Environmentally benign catalysis: I. Photocatalytic degradation of air contaminants. II. Thermocatalytic decomposition of nerve gas simulants

Date of Completion

January 2001


Chemistry, Inorganic




Nanoscale SnO2 with a particle size of 5 nm was first synthesized for photocatalytic degradation of 1butene. Compared to standard P-25 TiO 2, nanoscale SnO2 exhibited a much high photoactivity, but this material could not tolerate high humidity due to the preferred adsorption of water on the active sites, surface hydroxyl groups. On the basis of initial work, nanoscale TiO2 photocatalysts prepared with a sol-gel method were developed to show excellent photoefficiency and water tolerance. Water was found to play a double role: maintaining the constant oxidation rates at low levels and inhibiting the adsorption of reactants at high levels. Using toluene as a substrate caused severe deactivation of catalysts due to the irreversible adsorption of partially oxidized intermediates, such as benzaldehyde and benzoic acid.

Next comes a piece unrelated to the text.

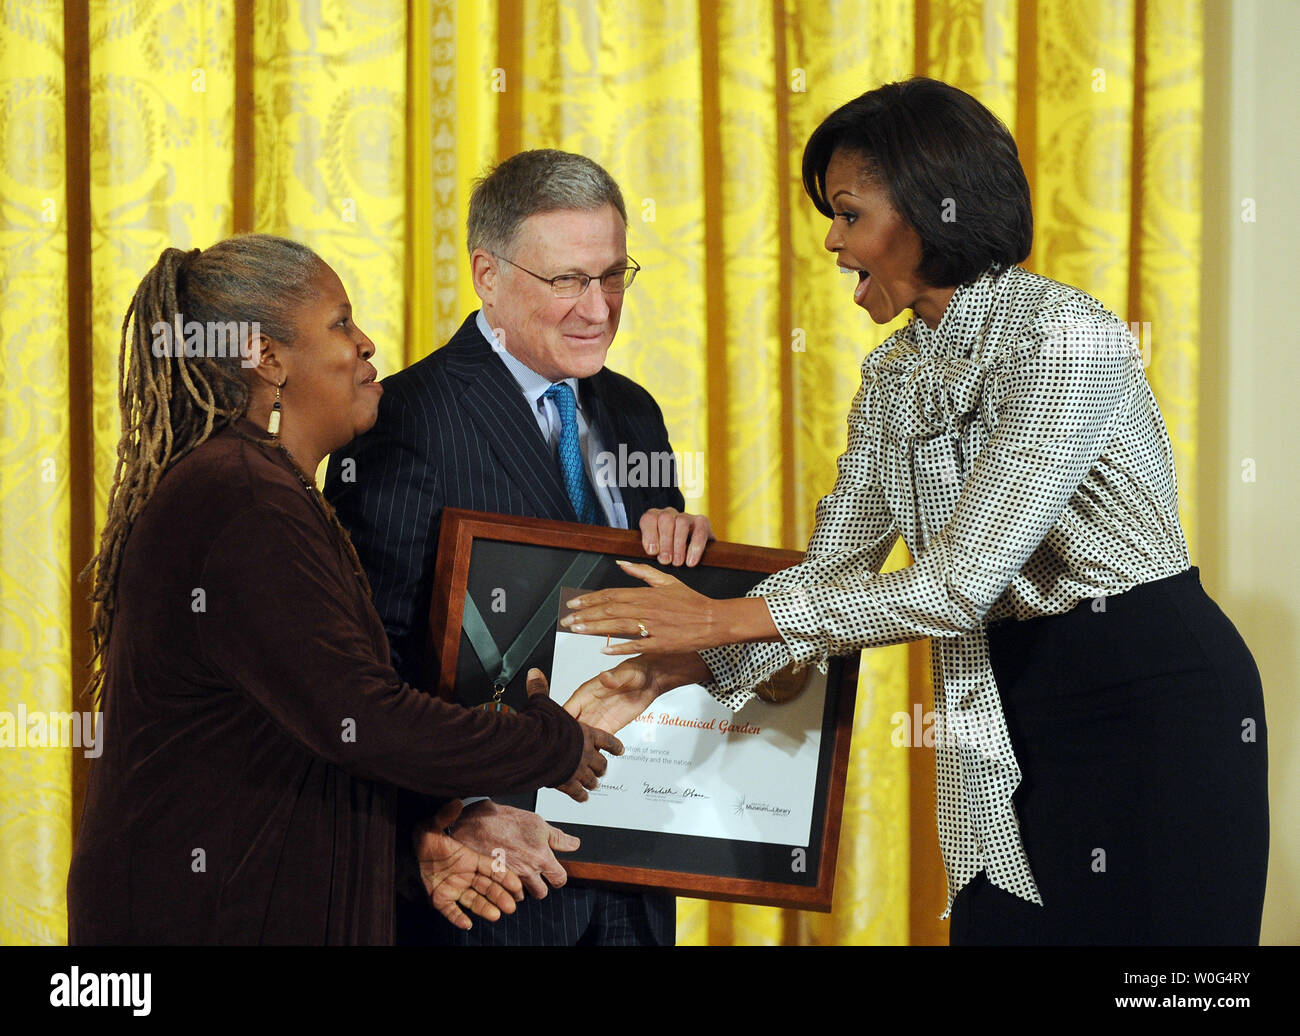 First Lady Michelle Obama presents a 2010 National Medal for Museum and Library Service to community member Karen Washington and Gregory Long, president and CEO of the New York Botanical Garden in New York City, during a ceremony in the East Room of the White House  in Washington on December 17, 2010.   UPI/Roger L. Wollenberg Stock Photo

Complete recovery of catalytic activity occurred only when the regeneration temperature was above 420°C. Loading platinum on TiO 2 lowered the regeneration temperature considerably at the expense of some photoactivity. The kinetic studies indicated a Langmuir-Hinshelwood reaction mechanism and linear dependence of initial oxidation rates on catalyst surface areas. ^ Studies of the decomposition of dimethyl methylphosphonate (DMMP) over metal oxide catalysts revealed that the vanadium catalyst with a loading of 10 wt % on SiO2 showed superior catalytic activity to that for a 1% Pt/Al2O3 catalyst, which has been widely reported in the literature. The occurrence of deactivation over Al2O 3 supported catalysts was due to the formation of noncrystalline AlPO 4 and the deposition of coke. In a search for an explanation of experimental observations, activated carbons with high surface areas, large mesopore and macropore volume, and good thermal stability in air were found to exhibit exceptional catalytic activity for the oxidative decomposition of DMMP. Although the catalysts lost their surface areas in the first several hours, the protection time was prolonged more than 100 h since P2O5 accumulated in the initial stage was able to catalyze the decomposition of DMMP. A two-stage reaction model and autocatalytic mechanism were proposed to explain existing experimental results obtained on various catalysts. ^